The following sections describe the theoretical and practical details of ideal spectral interpolation.

Ideal Spectral Interpolation

Ideally, the spectrum of any signal $ x(n)$ at any frequency $ \omega =
2\pi f$ is obtained by projecting the signal $ x$ onto the zero-phase, unit-amplitude, complex sinusoid at frequency $ \omega$ [264]:

$\displaystyle X(\omega) \isdef \left<x,s_\omega\right>,$ (3.43)

where

\begin{eqnarray*}
s_\omega(t) &\isdef & e^{j\omega t}\qquad\qquad\qquad\quad\;\,\mbox{(Fourier Transform)}\\
s_\omega(t_n) &\isdef & e^{j\omega_k t_n} \isdefs e^{j2\pi nk/N} \quad\mbox{(DFT)} \\
s_\omega(t_n) &\isdef & e^{j\omega t_n} \isdefs e^{j\omega n} \quad\qquad\;\mbox{(DTFT)}.
\end{eqnarray*}

Thus, for signals in the DTFT domain which are time limited to $ n\in[-N/2,N/2-1]$ , we obtain

$\displaystyle X(\omega) \isdefs \left<x,s_\omega\right> = \sum_{n=-\infty}^\infty x(n) e^{-j\omega n} = \sum_{n=-N/2}^{N/2-1} x(n) e^{-j\omega n}.$ (3.44)

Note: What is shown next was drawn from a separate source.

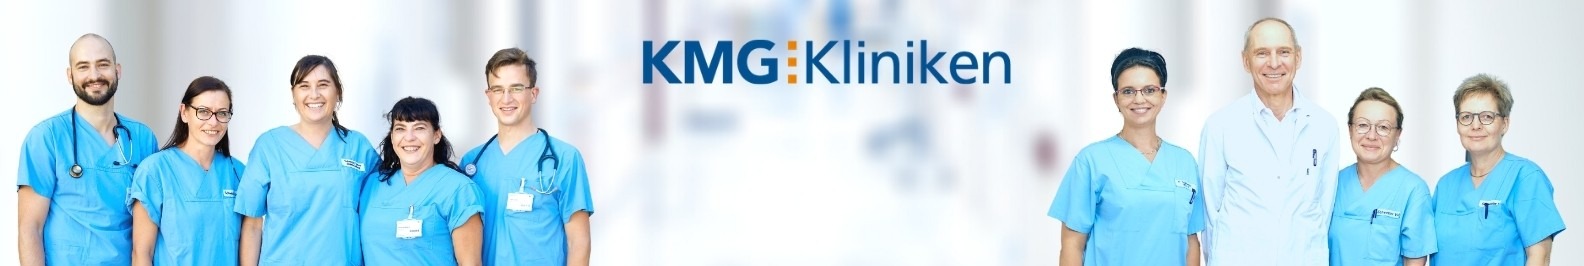 KMG Kliniken background

This can be thought of as a zero-centered DFT evaluated at $ \omega\in[-\pi,\pi)$ instead of $ \omega_k =
2\pi k/N$ for some $ k\in[0,N-1]$ . It arises naturally from taking the DTFT of a finite-length signal. Such time-limited signals may be said to have ``finite support'' [175].


Interpolating a DFT

Starting with a sampled spectrum $ X(\omega_k)$ , $ k=0,1,\ldots,N-1$ , typically obtained from a DFT, we can interpolate by taking the DTFT of the IDFT which is not periodically extended, but instead zero-padded [264]:3.8

\begin{eqnarray*}
X(\omega) &=& \hbox{\sc DTFT}(\hbox{\sc ZeroPad}_{\infty}(\hbox{\sc IDFT}_N(X)))\\
&\isdef & \sum_{n=-N/2}^{N/2-1}\left[\frac{1}{N}\sum_{k=0}^{N-1}X(\omega_k)
e^{j\omega_k n}\right]e^{-j\omega n}\\
&=& \sum_{k=0}^{N-1}X(\omega_k)
\left[\frac{1}{N}\sum_{n=-N/2}^{N/2-1} e^{j(\omega_k-\omega) n}\right]\\
&=& \sum_{k=0}^{N-1}X(\omega_k)\,\hbox{asinc}_N(\omega-\omega_k)\\
&=& \left<X,\hbox{\sc Sample}_N\{\hbox{\sc Shift}_{\omega}(\hbox{asinc}_N)\}\right>
\end{eqnarray*}

(The aliased sinc function, $ \hbox{asinc}_N(\omega)$ , is derived in §3.1.) Thus, zero-padding in the time domain interpolates a spectrum consisting of $ N$ samples around the unit circle by means of `` $ \hbox{asinc}_N$ interpolation.'' This is ideal, time-limited interpolation in the frequency domain using the aliased sinc function as an interpolation kernel. We can almost rewrite the last line above as $ X(\omega)=(X\ast \hbox{asinc}_N)_\omega$ , but such an expression would normally be defined only for $ \omega=\omega_l=2\pi l/N$ , where $ l$ is some integer, since $ X$ is discrete while $ \hbox{asinc}_N$ is continuous.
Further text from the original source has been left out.